By Jeremy Sharman


The danger of email communications was highlighted recently when Jeremy Sharman and Genevieve Hardy of Bird & Bird’s London office acted for a client, a financial institution, in a dispute with an investment bank arising out of a derivatives product. Derivatives are complex financial instruments whose value is dependent on, or derived from, the value of some underlying asset. Typical examples include swaps, options and futures. The derivatives market is huge with an estimated value of approximately US$110 trillion a year.

In this case, the client had issued Spanish bonds on which it had an obligation to pay the bondholders a fixed rate of interest in pesetas. In order to hedge its risk the client entered into an interest rate swap whereby it, in effect, swapped its obligation to pay a fixed rate in pesetas for an obligation to pay what turned out to be a very favourable floating rate in US dollars. The swap was for a period of 12 years but with early termination provisions.

The investment bank counterparty sought to terminate the swap early by e-mail. The client disputed the attempted early termination arguing, among other things, that the email communications failed to comply with the relevant notice provisions in the International Swaps and Derivatives Association (ISDA) Master Agreement (the ISDA Master Agreement governs the vast majority of derivative transactions). If early termination was permitted then, because of the movement in exchange rates, it would have cost the client approximately €10 million to put in place a replacement swap.

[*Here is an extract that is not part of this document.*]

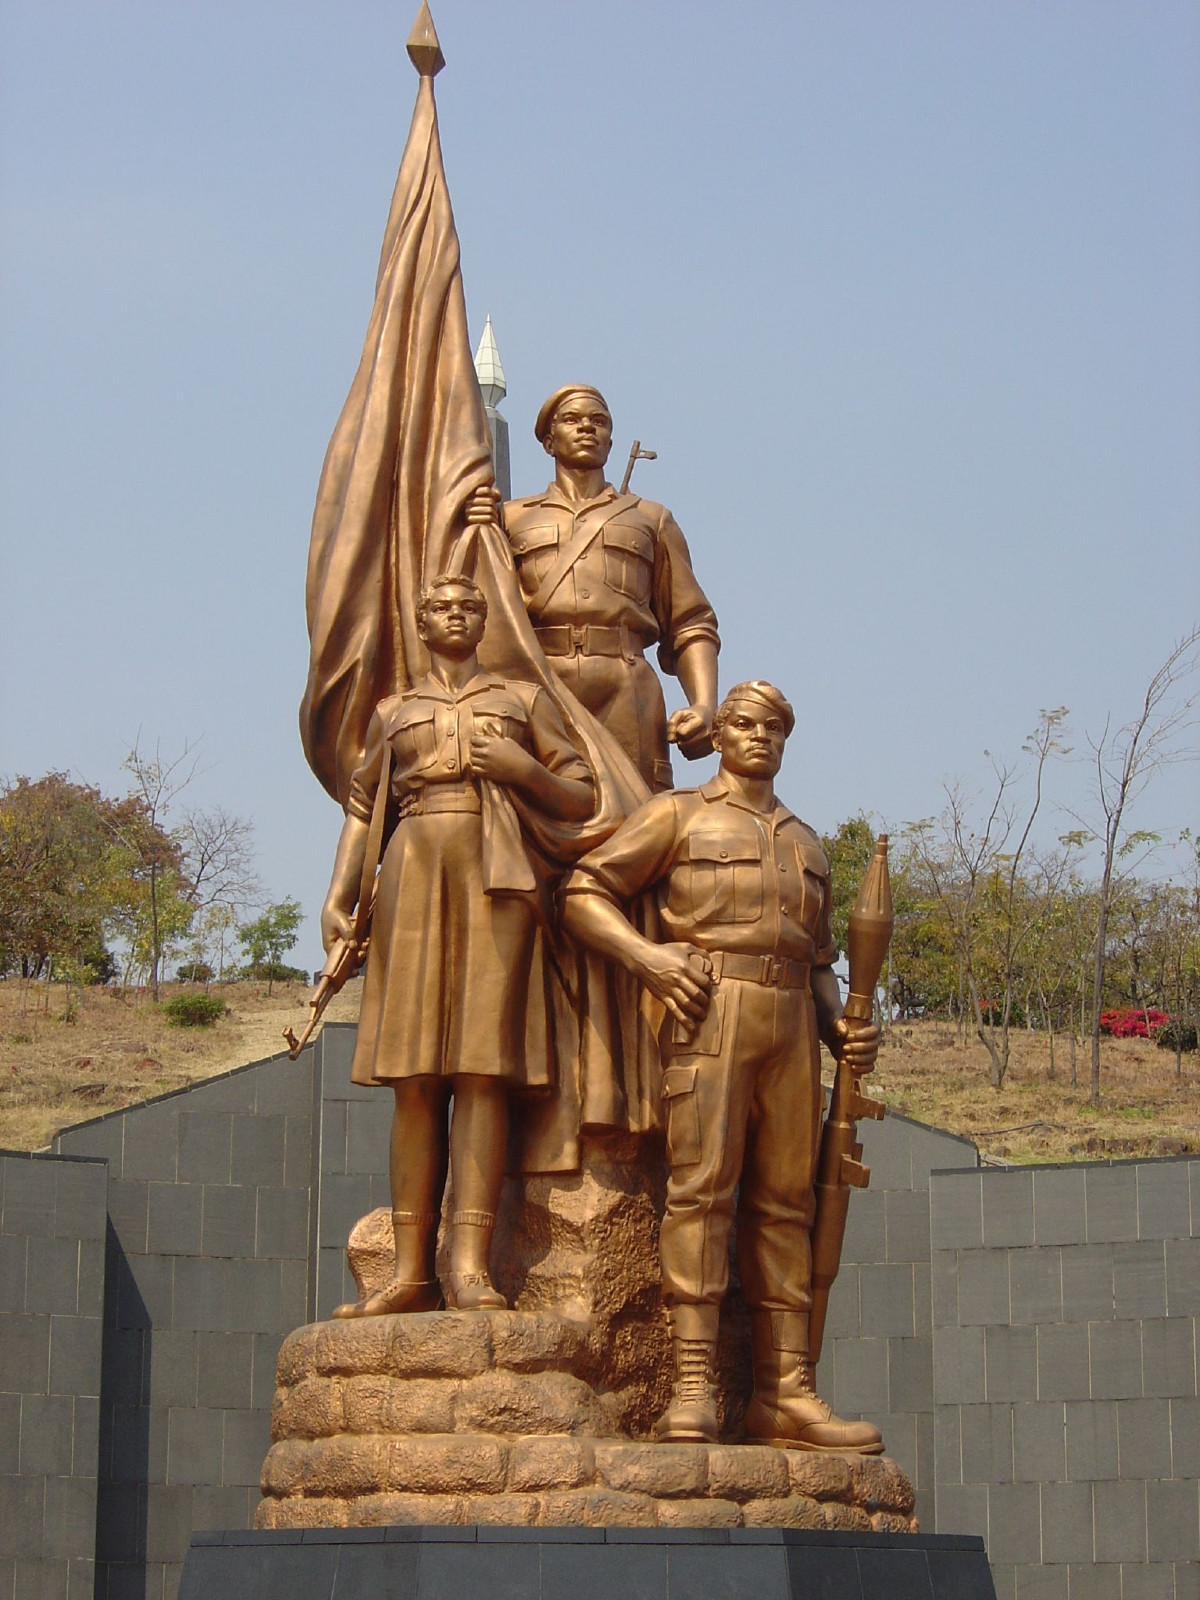 "Grab des Unbekannten Soldaten. Die Bronzestatue zeigt drei bewaffnete Guerillakämpfer – zwei Männer, eine Frau.<br> Quelle: <a href=""https://commons.wikimedia.org/wiki/File:Heroes_Acre_Monument,_Harare,_Zimbabwe.jpg"">Gary Bembridge / Wikimedia Commons</a><br> Lizenz: <a href=""https://creativecommons.org/licenses/by/2.0/de/"">Creative Commons BY 2.0</a>"

Email communications are now very much the norm in day-to-day business communication but their efficacy, particularly where the communication is meant to have legal effect, is not always clear. The notice provisions in the ISDA Master Agreement did not refer expressly to notice by email and it was far from clear whether notice by email could be said to constitute "notice in writing" or an "electronic message". The general consensus was that it could not.

The dispute was infact resolved on confidential terms shortly before trial so the court did not get to consider the issue. The case does however illustrate that, where parties communicate by email and intend their communications to have legal effect, careful consideration needs to be given as to whether the terms of the agreement will infact give effect to such communications.